Surface and structural morphology were examined using Scanning Electron Microscopy (SEM; Zeiss, Sigma 300, Jena, Germany). For analysis, a small piece of film was placed on the carbon tape and worked after it was covered with a thin layer (100 Å) of gold, which is an insulator [8]. The presence of pores, surface roughness, and homogeneity in the OTF formulations was determined.

4.23. Stability of OTFs

The stability of the prepared formulations was evaluated in a desiccator with 60% relative humidity at 25 °C and +4 °C for 12 months. For the measurements, at the end of the 12th month, the moisture absorption, flexibility, percent elongation, thickness, transparency, weight variability, folding strength, swelling degrees, active ingredient determination, and release studies of the formulations were compared with the freshly prepared formulation data. Each OTF sample in a light-protected package was placed in a closed desiccator. Measurements were performed in a minimum of three replicates for each formulation group and parameter. Whether the difference between the results was significant was evaluated statistically [65,66,67].
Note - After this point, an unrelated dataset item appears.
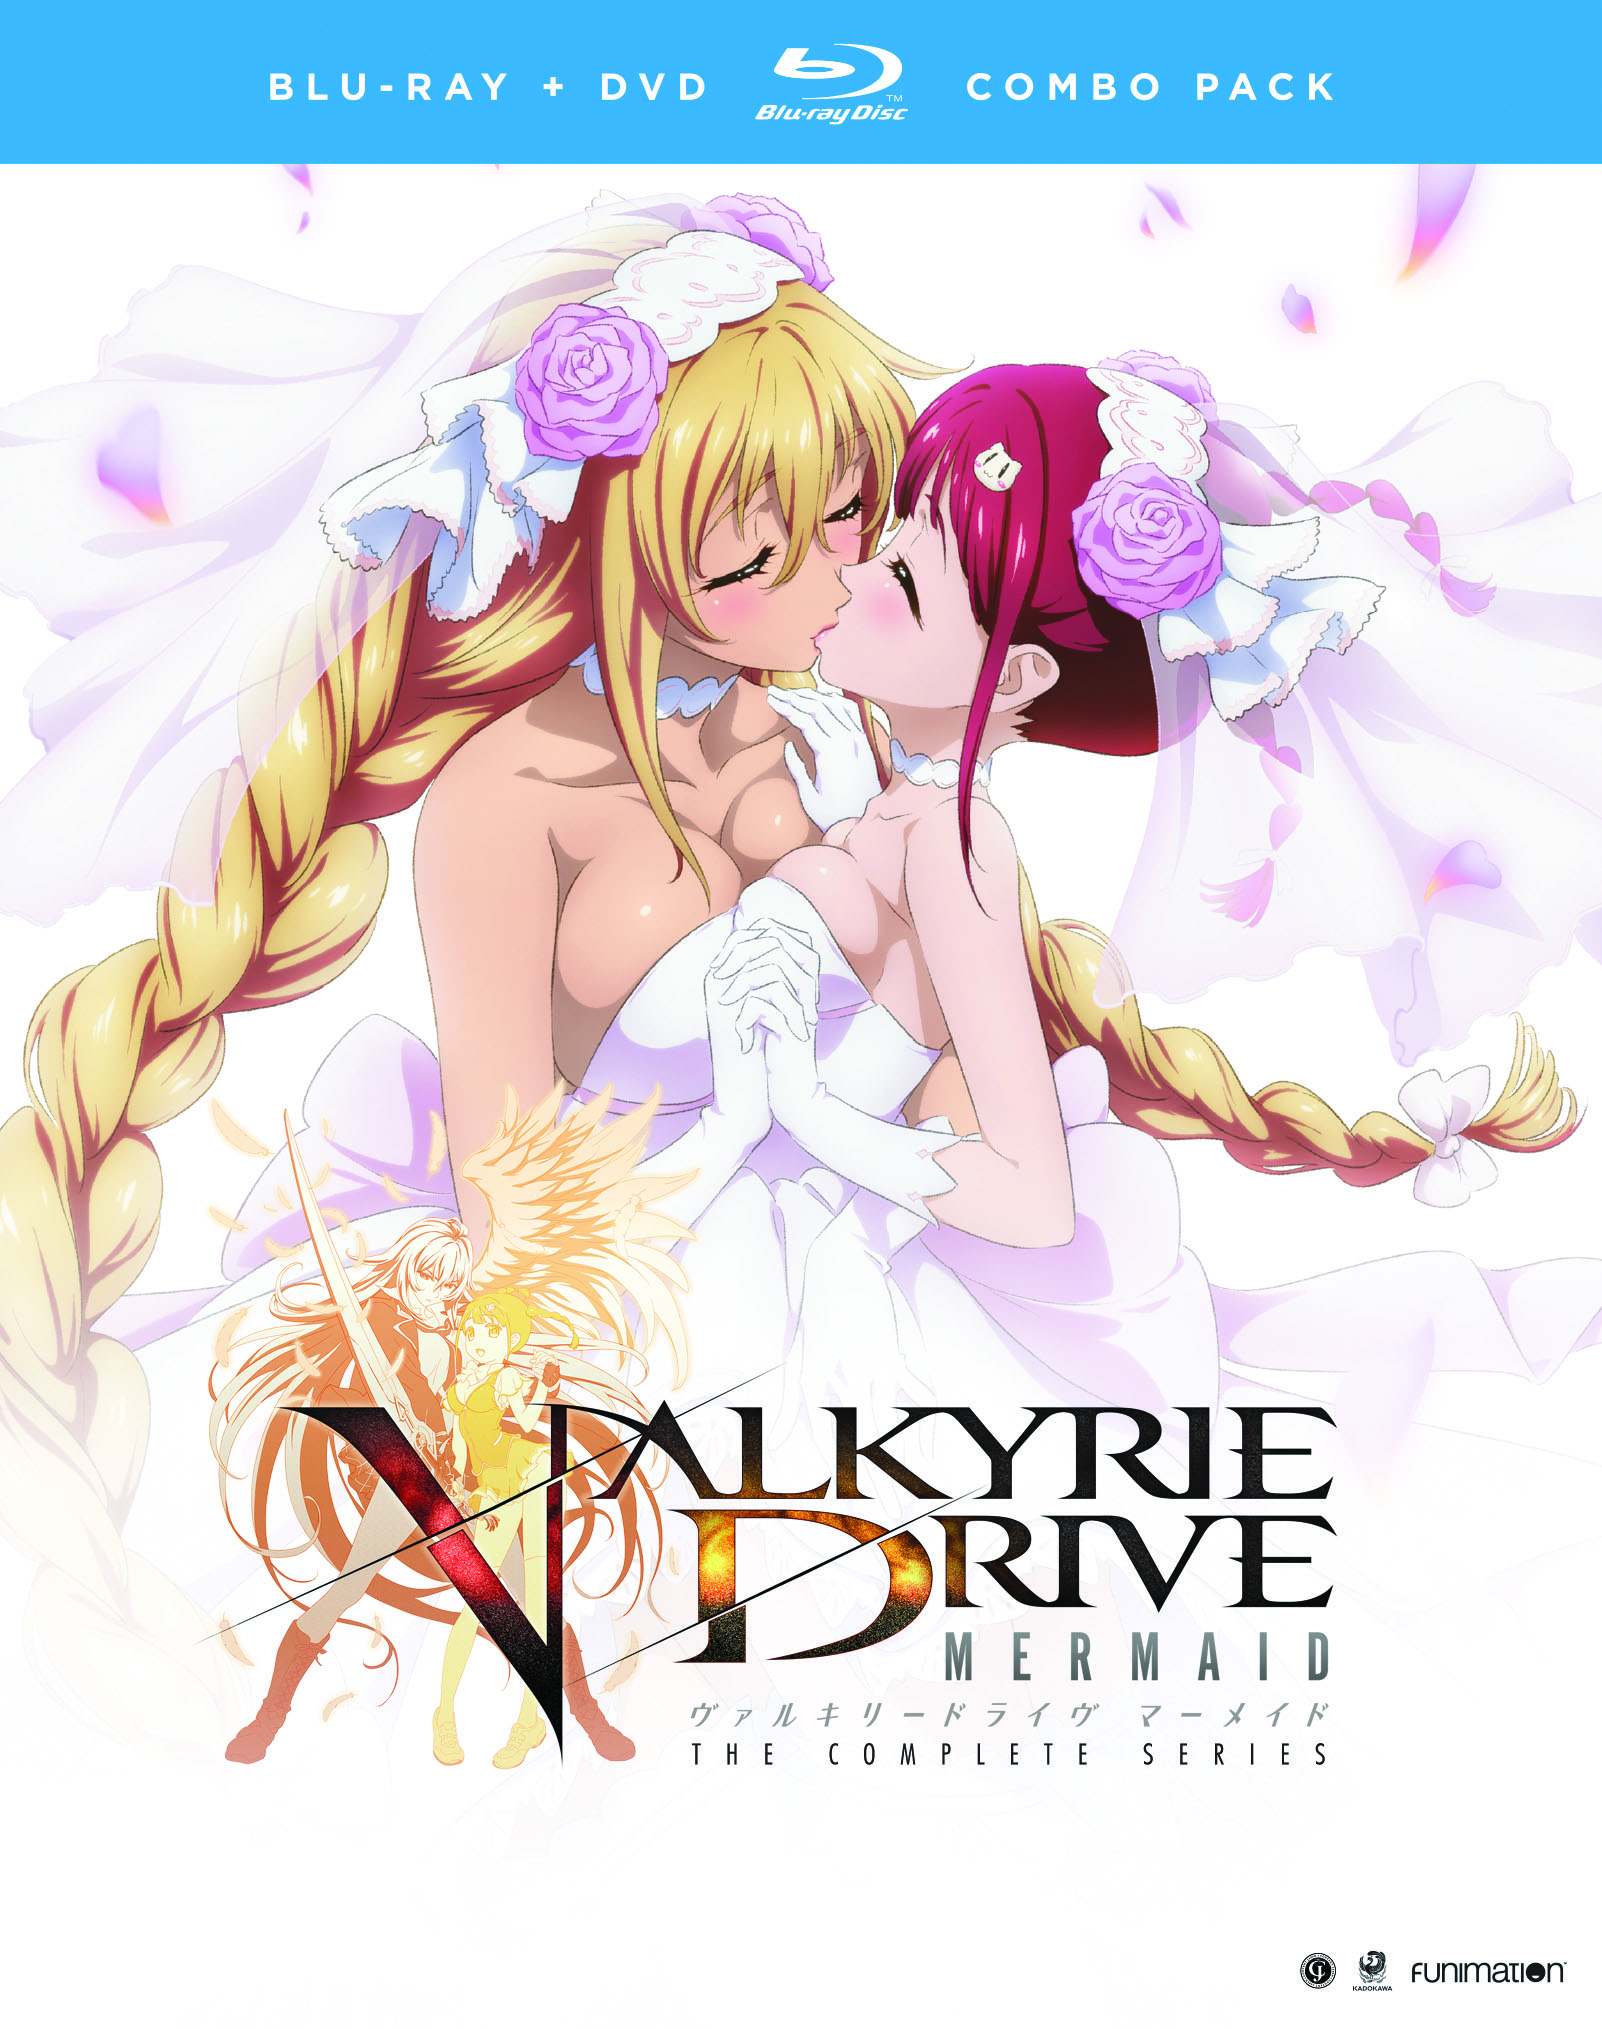 New Valkyrie Drive -Bhikkhuni- Trailer Shows Game Features And

4.24. Cell Culture and MTT Cell-Viability Assay

Cell culture studies were carried out at the High Technology Research Center (YÜTAM) at Erzurum Technical University.

Human Tongue Squamous Cell Carcinoma (SCC-9) cells were cultured in DMEM F12 medium containing 10% FBS, 1% Penicillin/Streptomycin, 1% L-Glutamine, and 400 ng/mL Hydrocortisone. Cells were incubated in a humidified incubator at 37 °C and 5% CO₂.

SCC-9 cells grown in cell culture flasks were removed from the adhered surface using Trypsin/EDTA. The total cell number was calculated by the trypan blue method. Cells were seeded into 96-well plates in triplicate, with 3 × 10³ cells per well. Each OTF (containing 25 mg of PG and 0.5 mg of MC) was dissolved in 5 mL of ultrapure water. Based on this stock solution, containing PG (at concentrations of 50, 37.5, 25.0, 12.5, and 6.25 µg/mL) and MC (at concentrations of 1.0, 0.75, 0.5, 0.25, and 0.125 µg/mL) samples were applied to all wells in triplicate with a total volume of 100 μL in each well. Positive control wells were treated with 10% DMSO. It was incubated for 24 h at 37 °C and 5% CO₂ conditions. At the end of the incubation period, the medium in the wells was removed, and the medium containing 10% CVDK-8 solution was added to each well. Cells were incubated in the dark at 37 °C for up to 3 h in an incubator. Cell viability was determined by measuring optical density at 450 nm with an Epoch 2 Microplate Spectrophotometer (BioTek, Winooski, VT, USA). Changes in cell viability were calculated with reference to control groups [25,31,43]. The contents and quantities of formulations used for cell culture are given in

Table 11. Contents and quantities of formulations used for cell culture.

Formulation Codes	Contents	Concentration	Storage Condition
Blank	-	-	+4 °C
F5	PG + MC	5 mg/mL + 0.1 mg/mL	+4 °C
F8	PG + MC	5 mg/mL + 0.1 mg/mL	+4 °C
F13	PG + MC	5 mg/mL + 0.1 mg/mL	+4 °C

.

4.25. Statistical Evaluations

All data were presented as the arithmetic mean ± standard deviation (Ⴟ ± SD). Statistical analysis was performed to determine whether there were any statistically significant differences between moisture sorption, percent elongation, thickness, transparency, weight variability, elasticity, degrees of swelling, and stability. The disintegration and dissolution rate of formulations was obtained with the one-way analysis of variance (ANOVA) by IBM SPSS Statistics 20. Cell culture analyses were performed by Student’s t-test. Differences were considered to be statistically significant at p < 0.05.